Point-Stat

Point-Stat cindyhg Thu, 04/25/2019 - 10:18

Point-Stat Functionality

The Point-Stat tool provides verification statistics for forecasts at observation points, as opposed to over gridded analyses. The Point-Stat tool matches gridded forecasts to point observation locations using several configurable interpolation methods. The tool then computes continuous as well as categorical verification statistics for the matched pairs falling inside the verification masking regions defined by the user.
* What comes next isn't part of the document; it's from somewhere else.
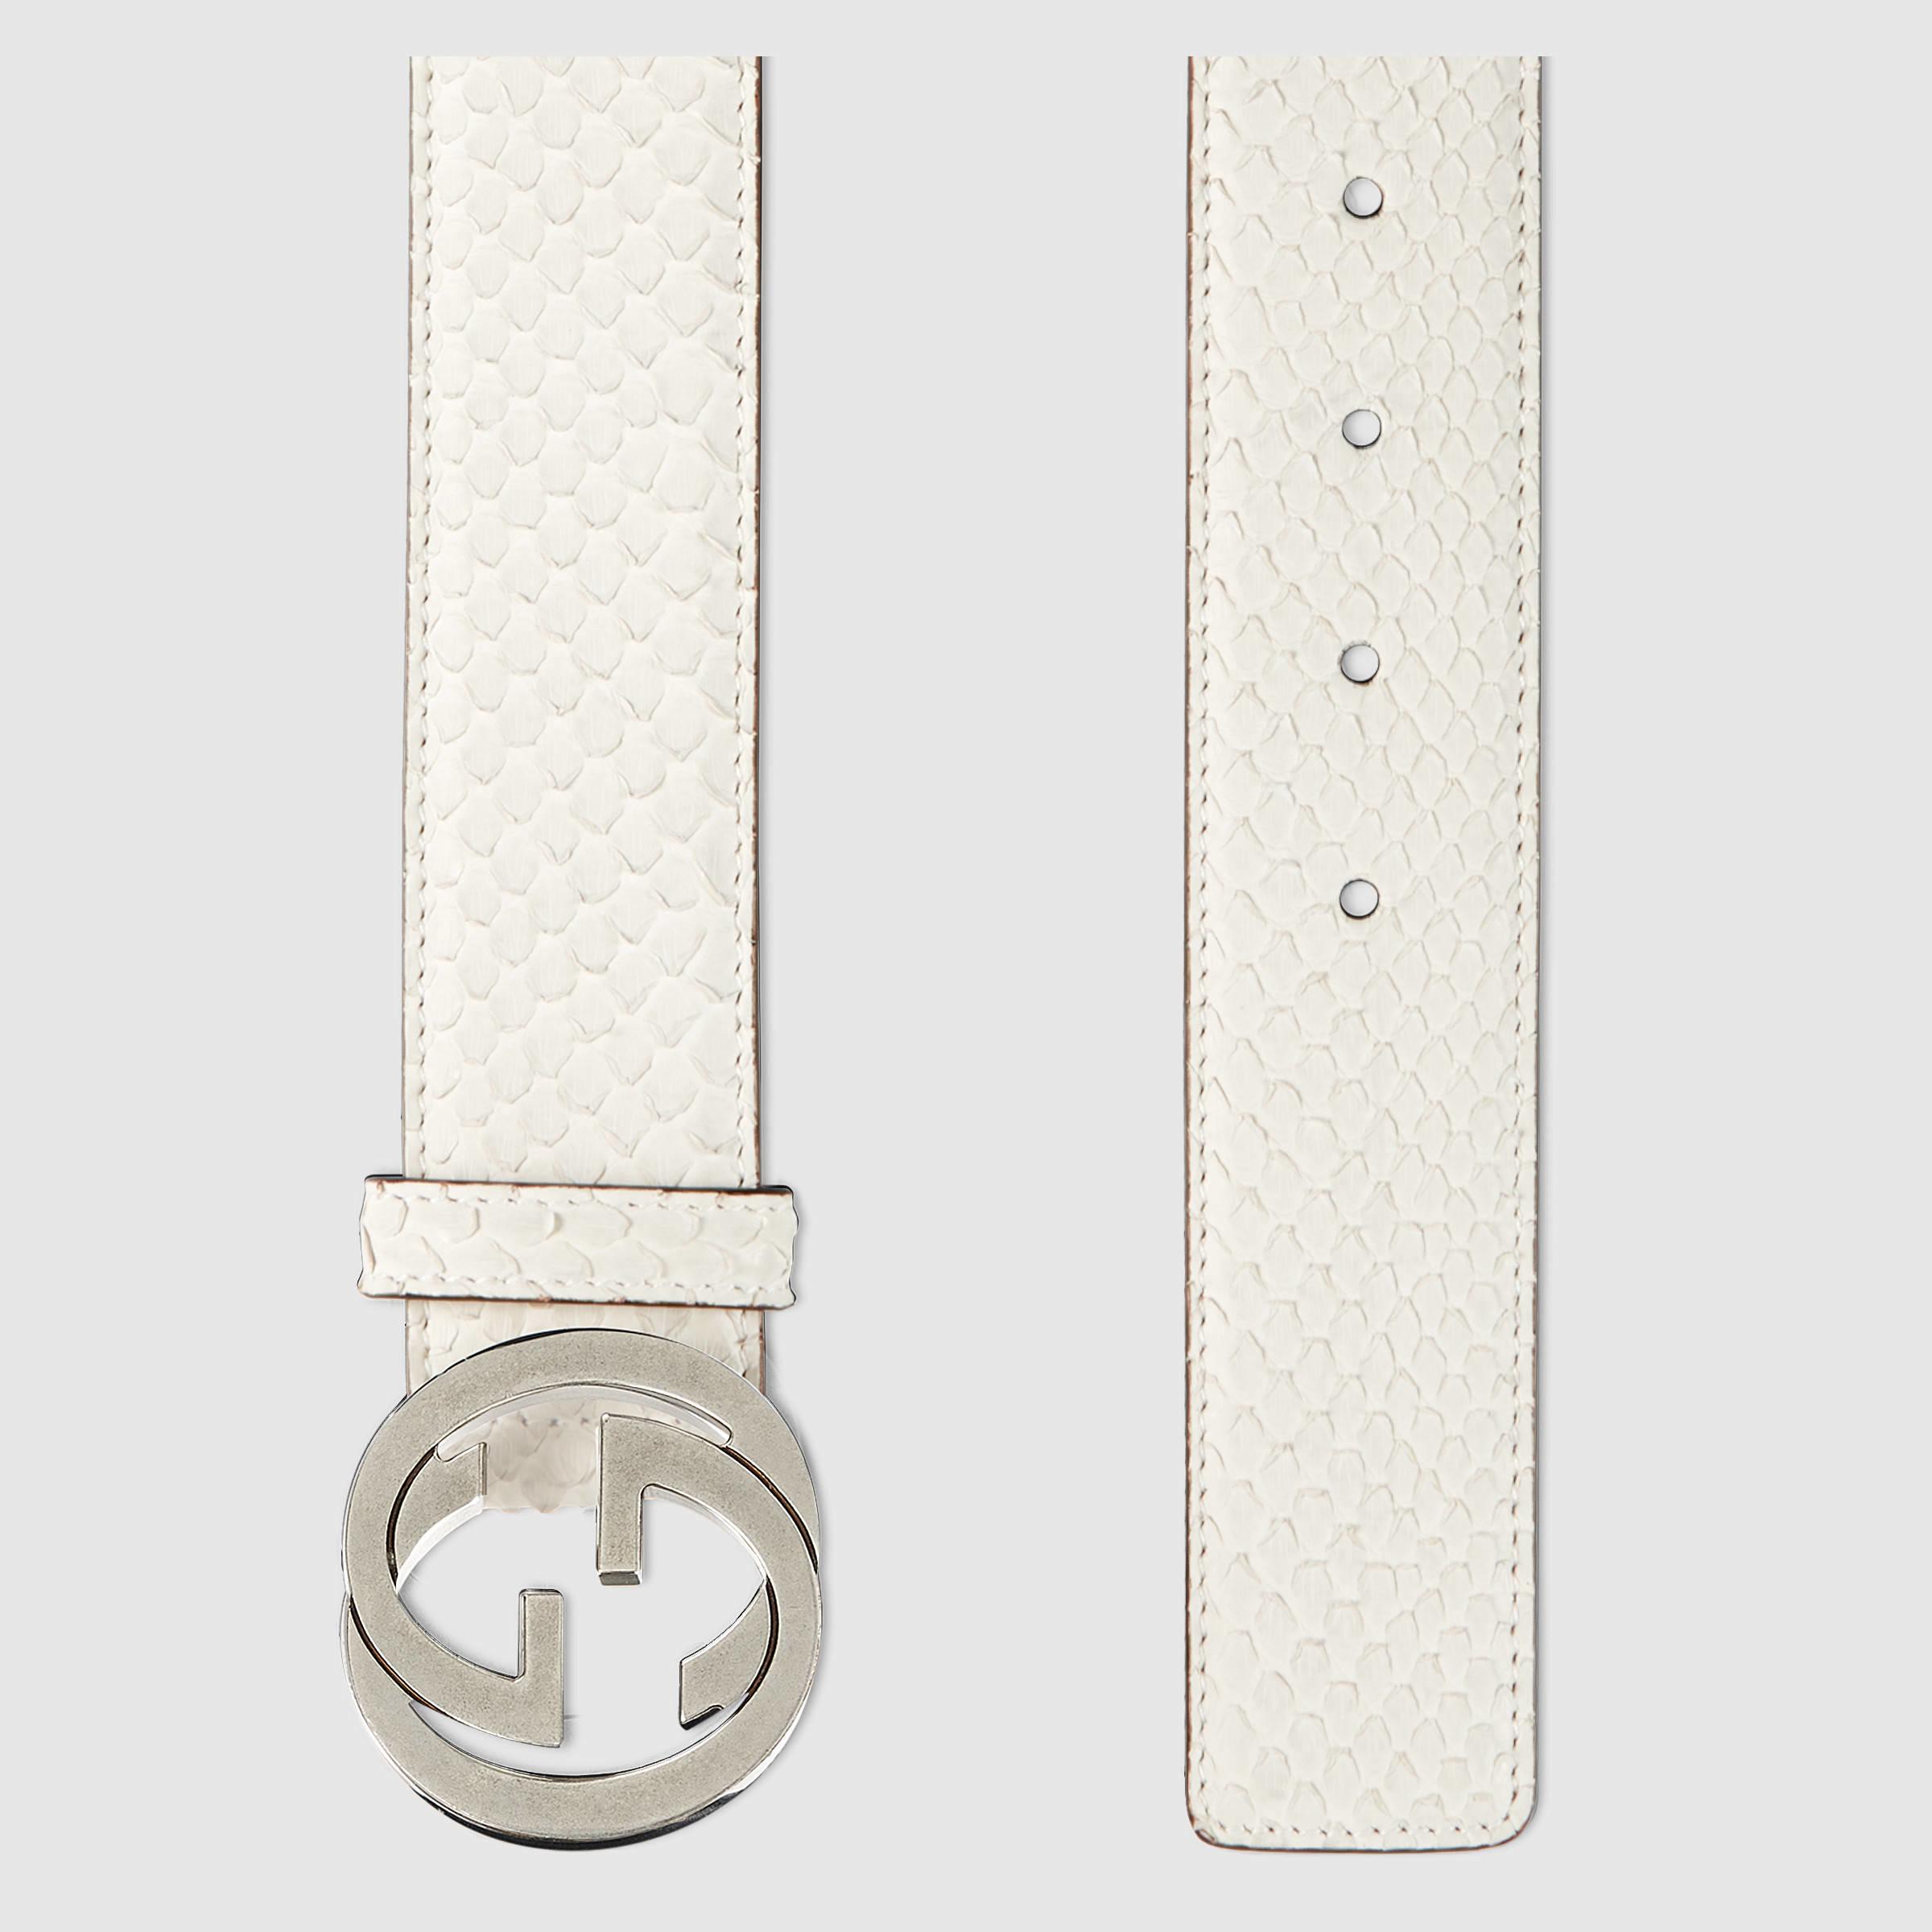 2da9d8434 Gucci Python Belt With Interlocking G in White - Lyst

The categorical statistics generally are calculated by applying one or more thresholds to the forecast and observation values. Confidence intervals, which represent a measure of uncertainty, are computed for most of the verification statistics.

Point-Stat Usage

View the usage statement for Point-Stat by simply typing the following:

point_stat

At a minimum, the input gridded fcst_file, the point observation obs_file in NetCDF format, and the configuration config_filemust be passed in on the command line.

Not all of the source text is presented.